Wednesday, March 1, 2017

What the SuperBowl Taught Us About Winning Pitches

The Atlanta Falcons gave us a perfect illustration about how to win or lose.  It doesn’t matter that they were playing football and in the agency world we are trying to win new business. They broke what may be the most important rule in the new business game.

--- Rule #1 in winning pitches: Make sure you don’t lose ---

While New England played a truly heroic game and did everything that they could to notch a win, they never should have been given the opportunity.  Atlanta didn’t just shoot themselves in the foot by passing and getting sacked with 4:30 left in the game, an eight point lead and the ball at the New England twenty yard line.  They then proceed to blow their entire foot off with a holding penalty on the next play.  Had they simply ran the ball three times from the twenty yard line, ran down some time and kicked a field goal, they would have given the ball back to New England with about three minutes left and an eleven point lead.

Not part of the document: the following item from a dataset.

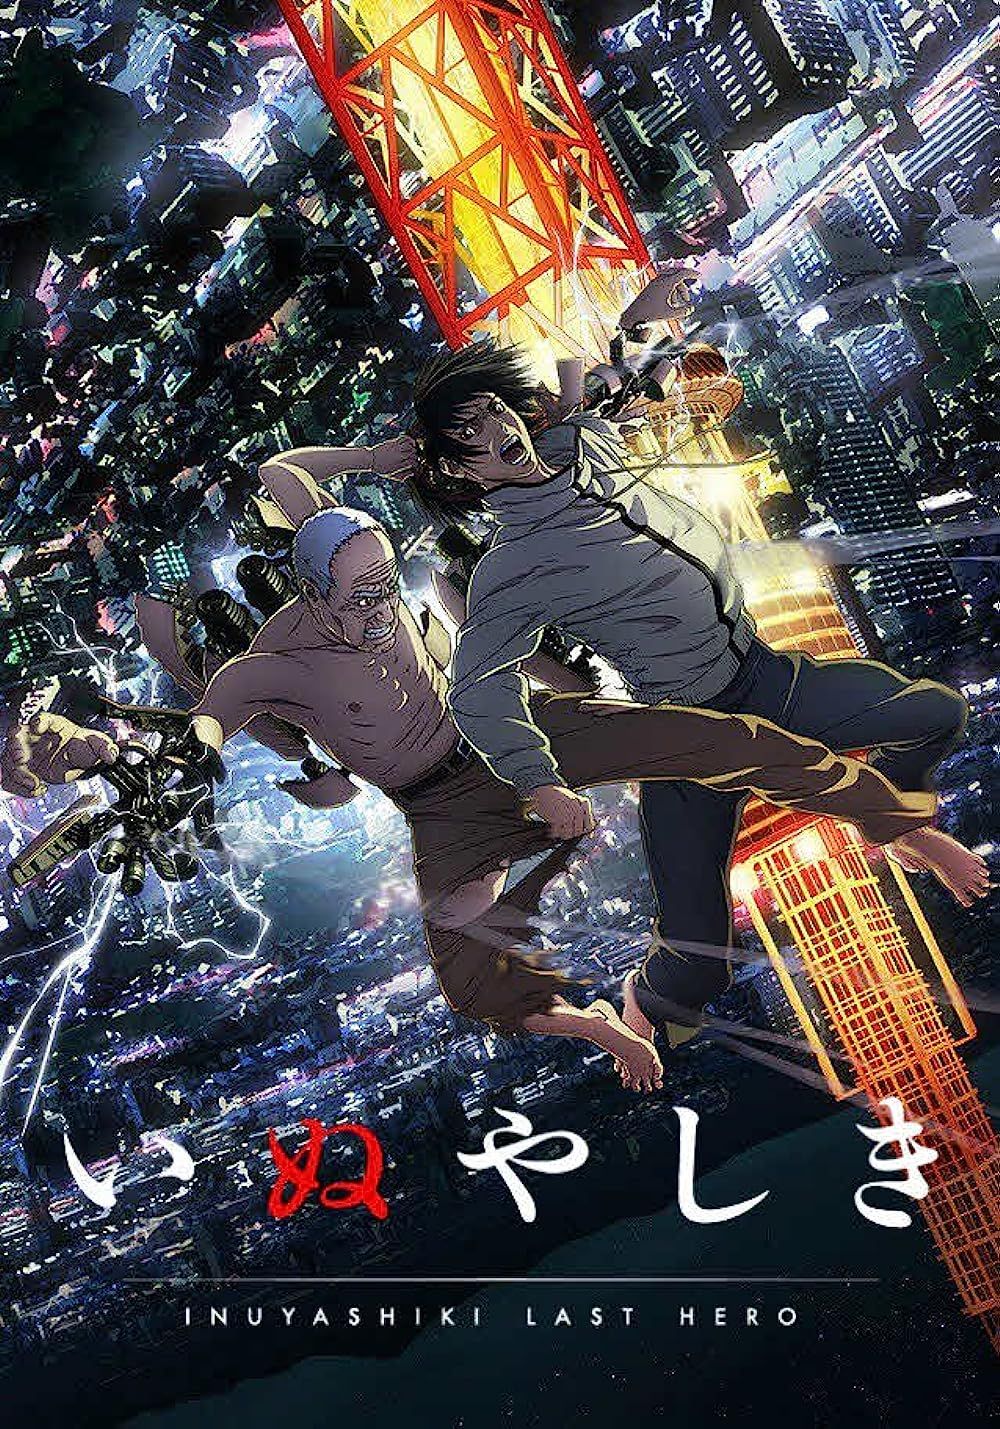 Ichirou Inuyashiki and Hiro Shishigami on the Inuyashiki Last Hero Poster
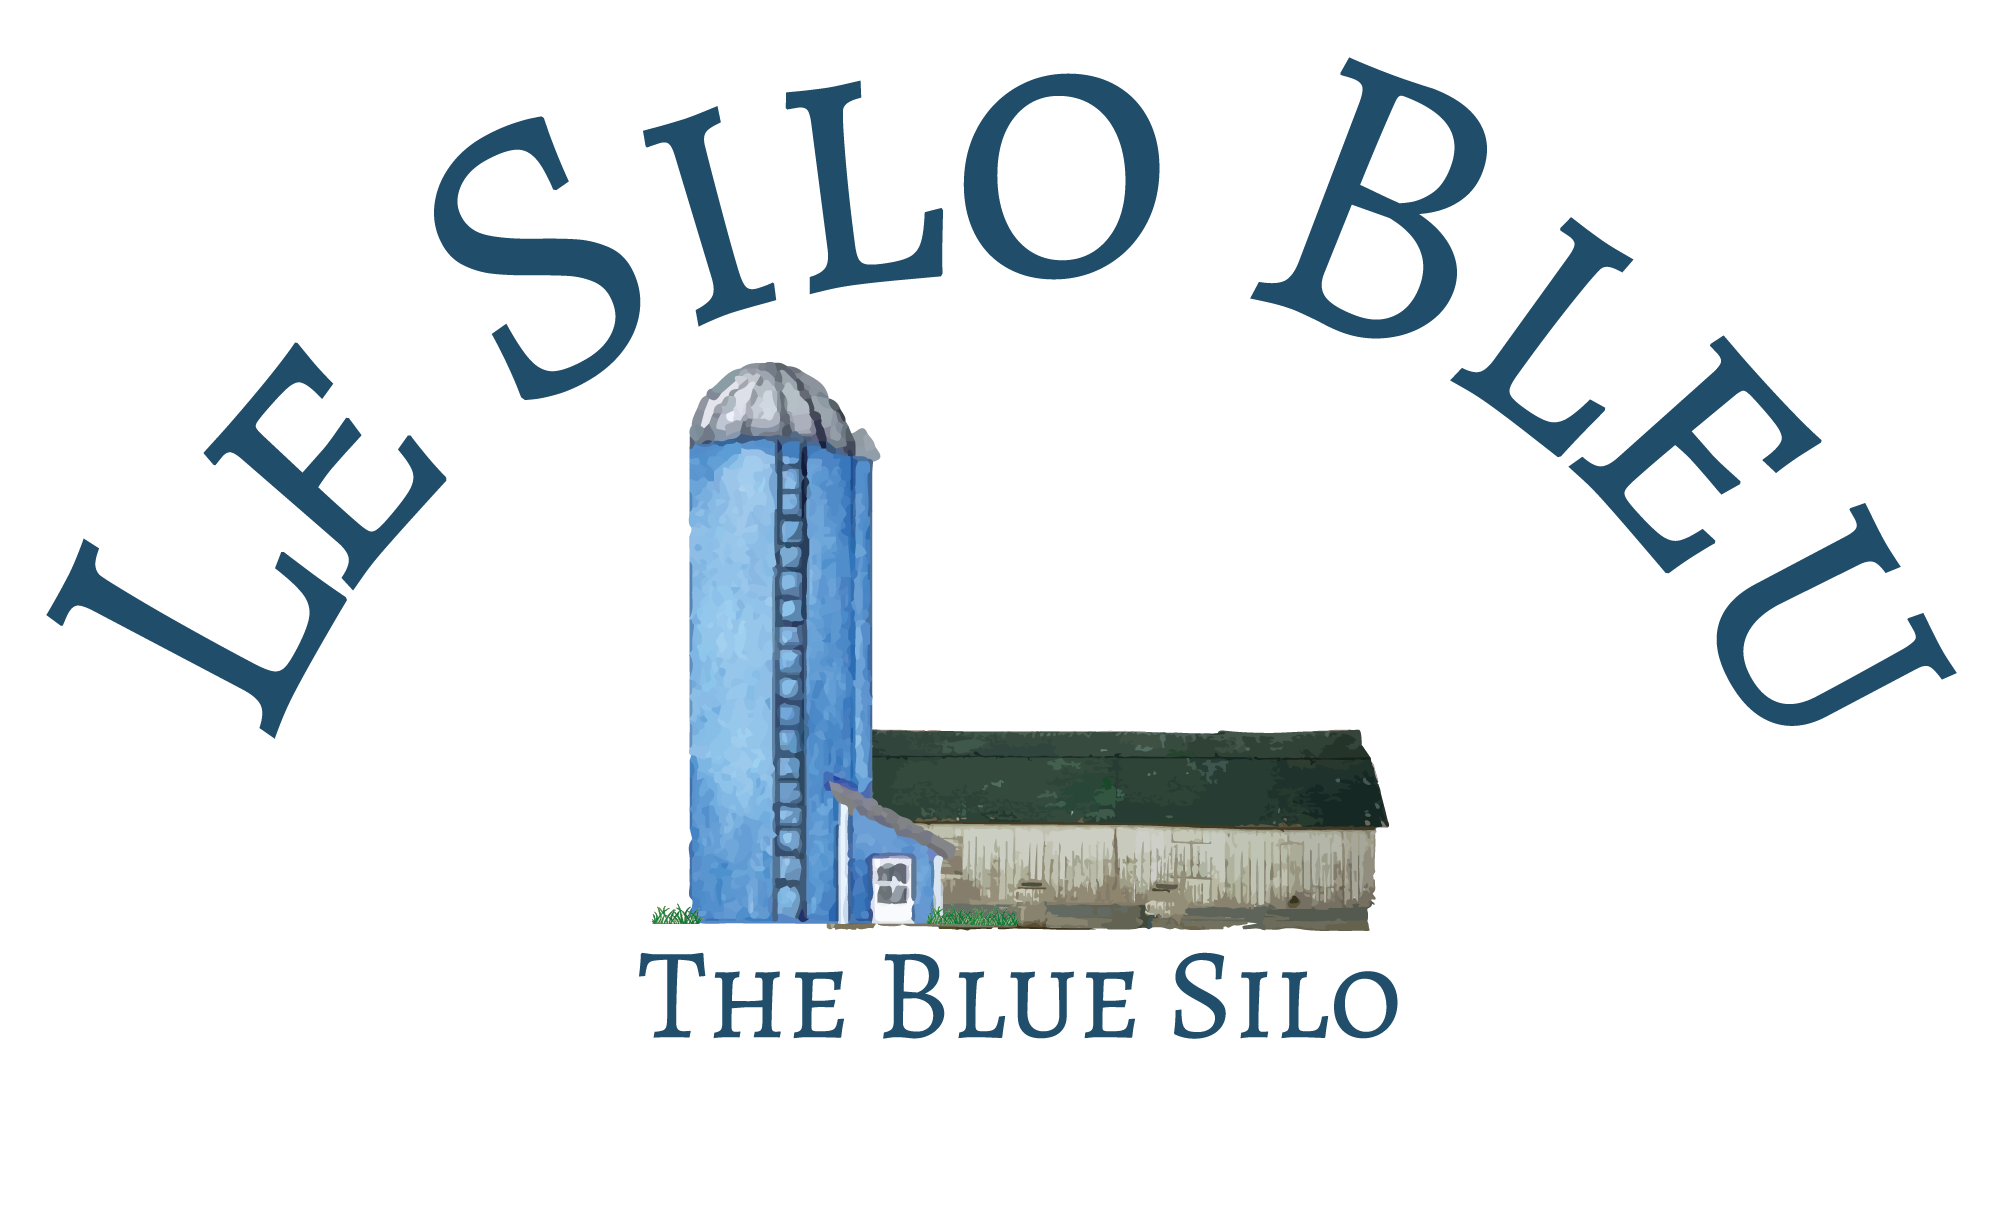 Logo Banner for Le Silo Bleu-The Blue Silo featuring a barn and a blue silo.

Think about times where your agency has done the same thing.  Think about times where your agency didn’t just not win…you actually lost the pitch.  Part of winning pitches is making sure that you make no mistakes.  That does not mean that you need a perfect strategy or perfect creative.  It means that you need to execute flawlessly.  Make sure that you are not only providing reasons for the prospect to hire you.  You also need to make sure that you are not making any mistakes that cause them not to hire you.

Some mistakes that could give the prospect a reason not to hire you, in spite of some terrific work:
-          A lack of cohesion on the team which is evidenced by people talking over each other during Q and A
-          Presenting two different strategies (because you want to be safe) which makes you look like you have no point of view
-          Making creative recommendations that are so strong they make you look difficult to work with
-          Running over on time which gives the impression that you would rather talk at the client than listen to them
These are just a few example but you get where I am going.  Sometimes you win a pitch because the other agencies simply lose the pitch. 

New England is a tremendous team and they did everything necessary to win.  But did Atlanta simply give the game away.  Did Seattle do the same thing last year by passing on first and goal only to get intercepted?

As you create your pitch deck, look at from two perspectives.  First, am I doing everything that I need to do to bring home a win?  Second, am I doing anything that could cause me to give the pitch away to another agency?

Mark Schnurman is President of Filament Inc., a communication training and new business consulting firm that works exclusively with both consumer and pharma agencies.